RECORDED INFORMATION.
Content starts

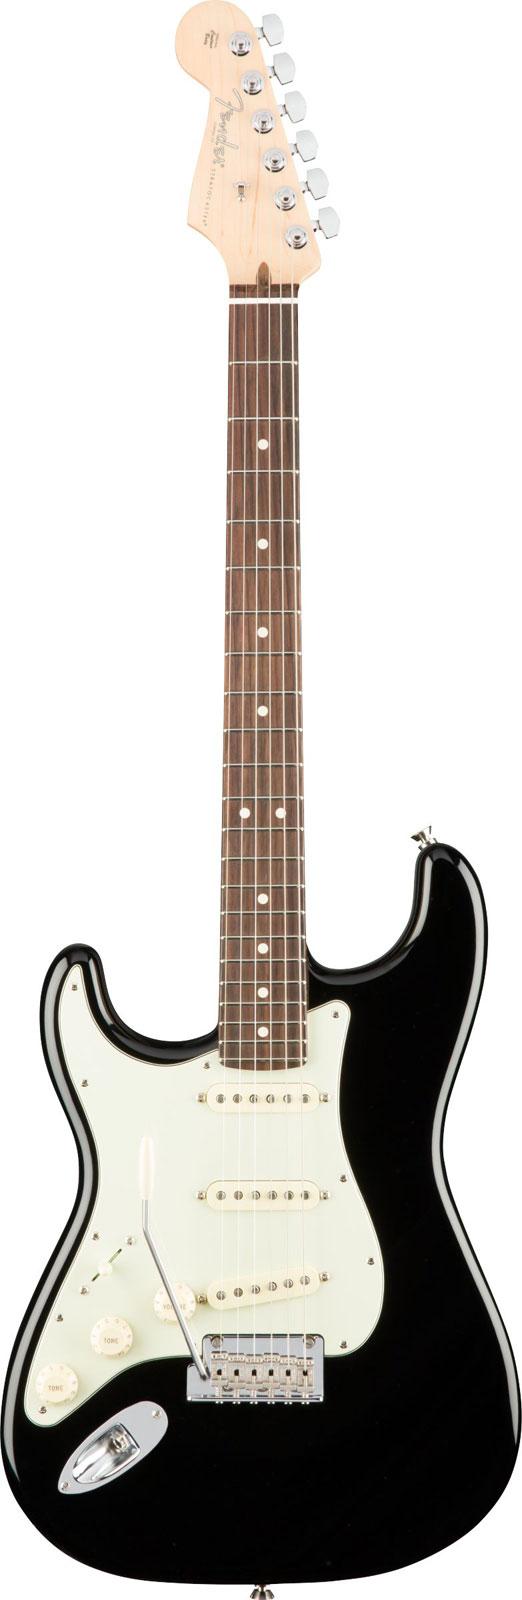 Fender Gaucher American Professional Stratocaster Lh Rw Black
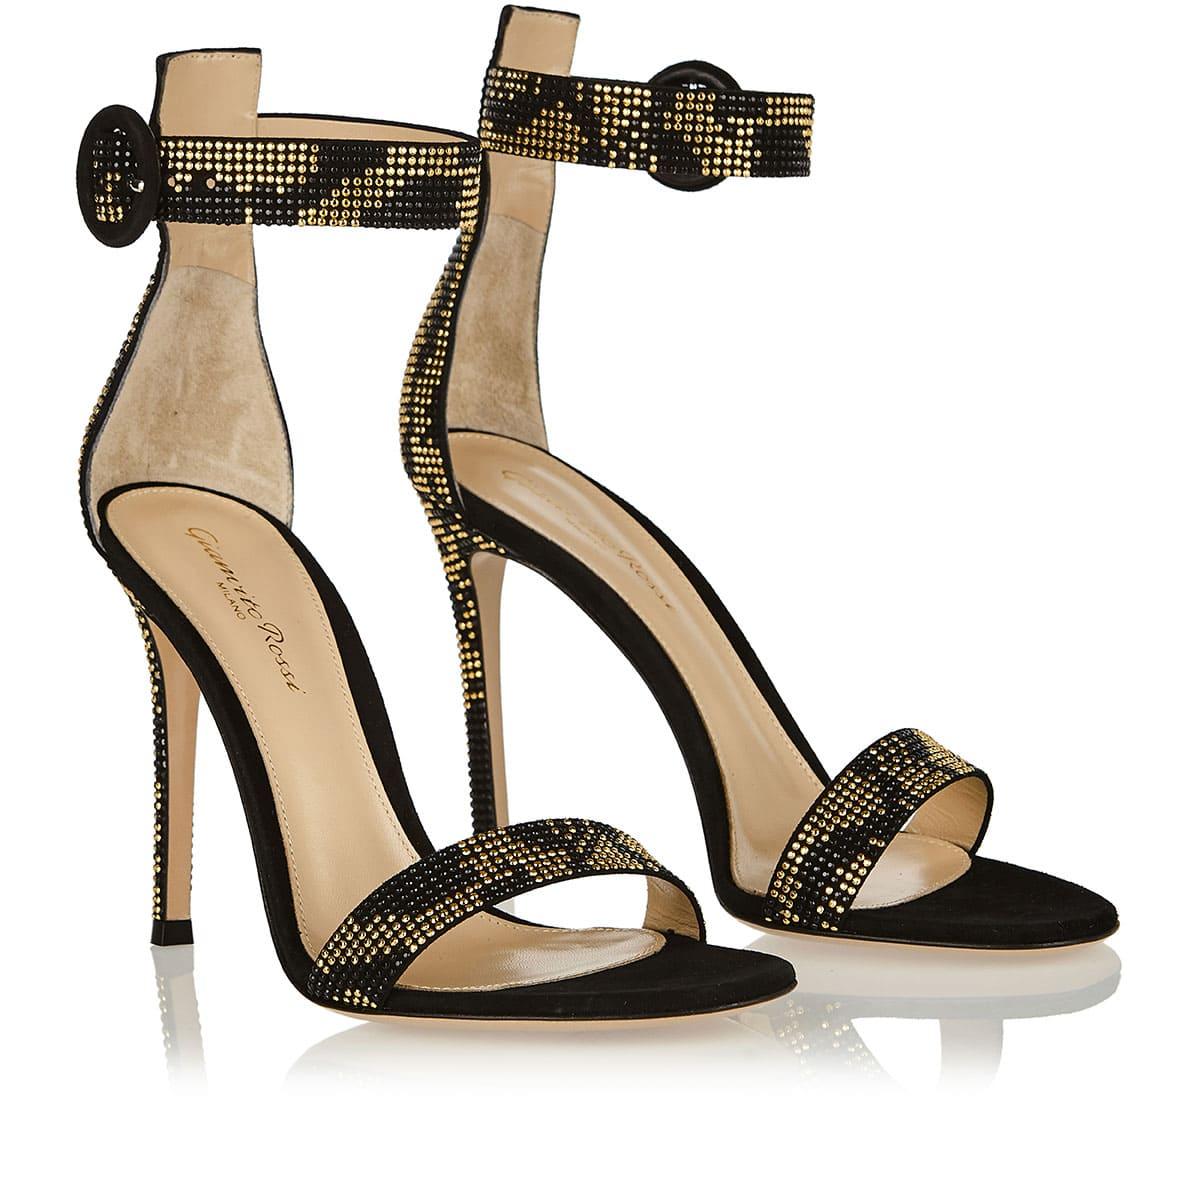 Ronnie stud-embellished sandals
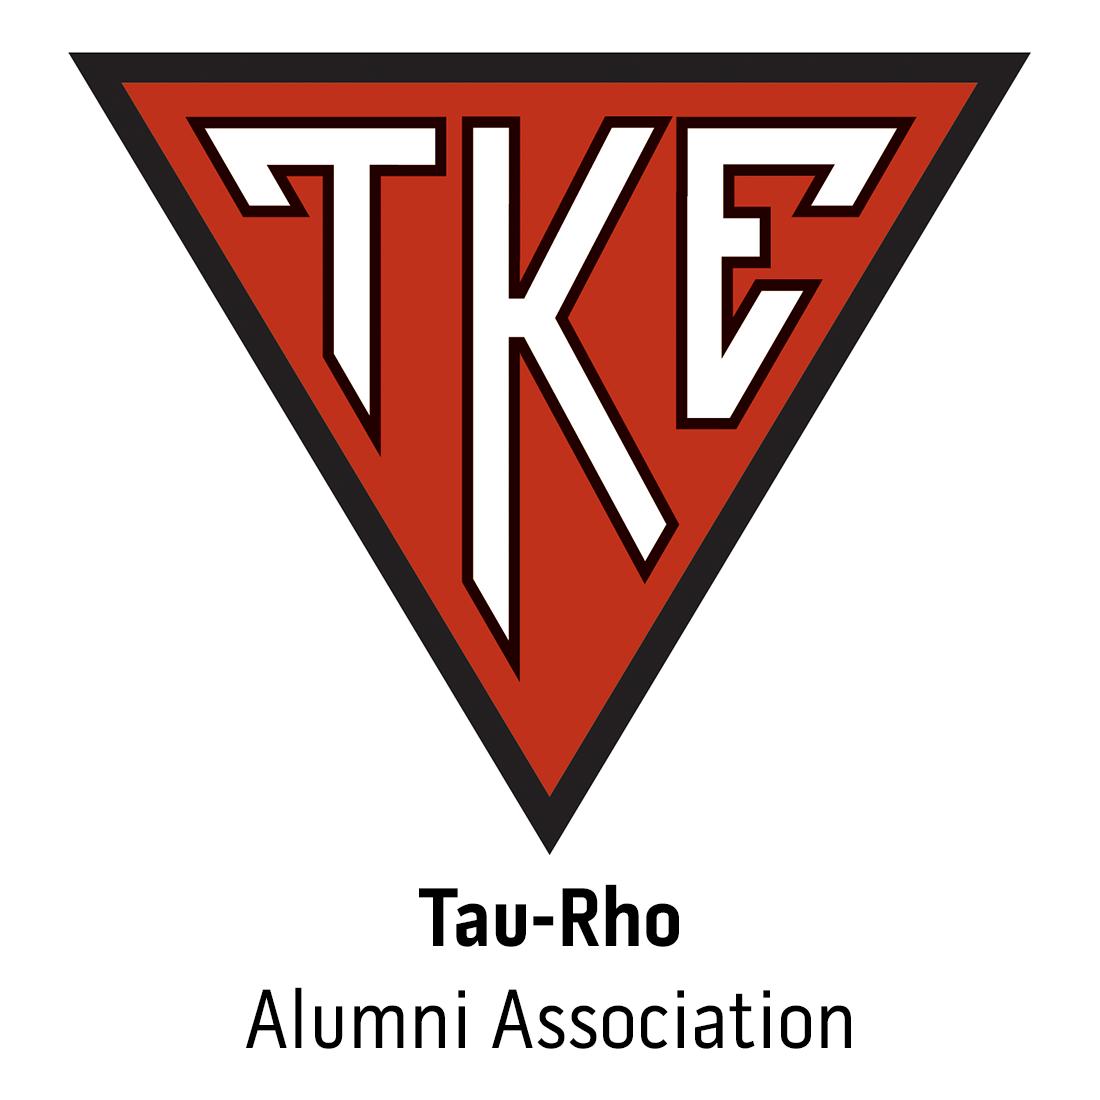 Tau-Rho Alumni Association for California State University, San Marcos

Content ends

INSTRUCTIONS TO FOLLOW. In the data, the line that contains "Ronnie stud-embellished sandals" begins the part to write out; restate it and each line after it word for word through the end, with no pictures.

RESPONSE.
 Ronnie stud-embellished sandals
 Tau-Rho Alumni Association for California State University, San Marcos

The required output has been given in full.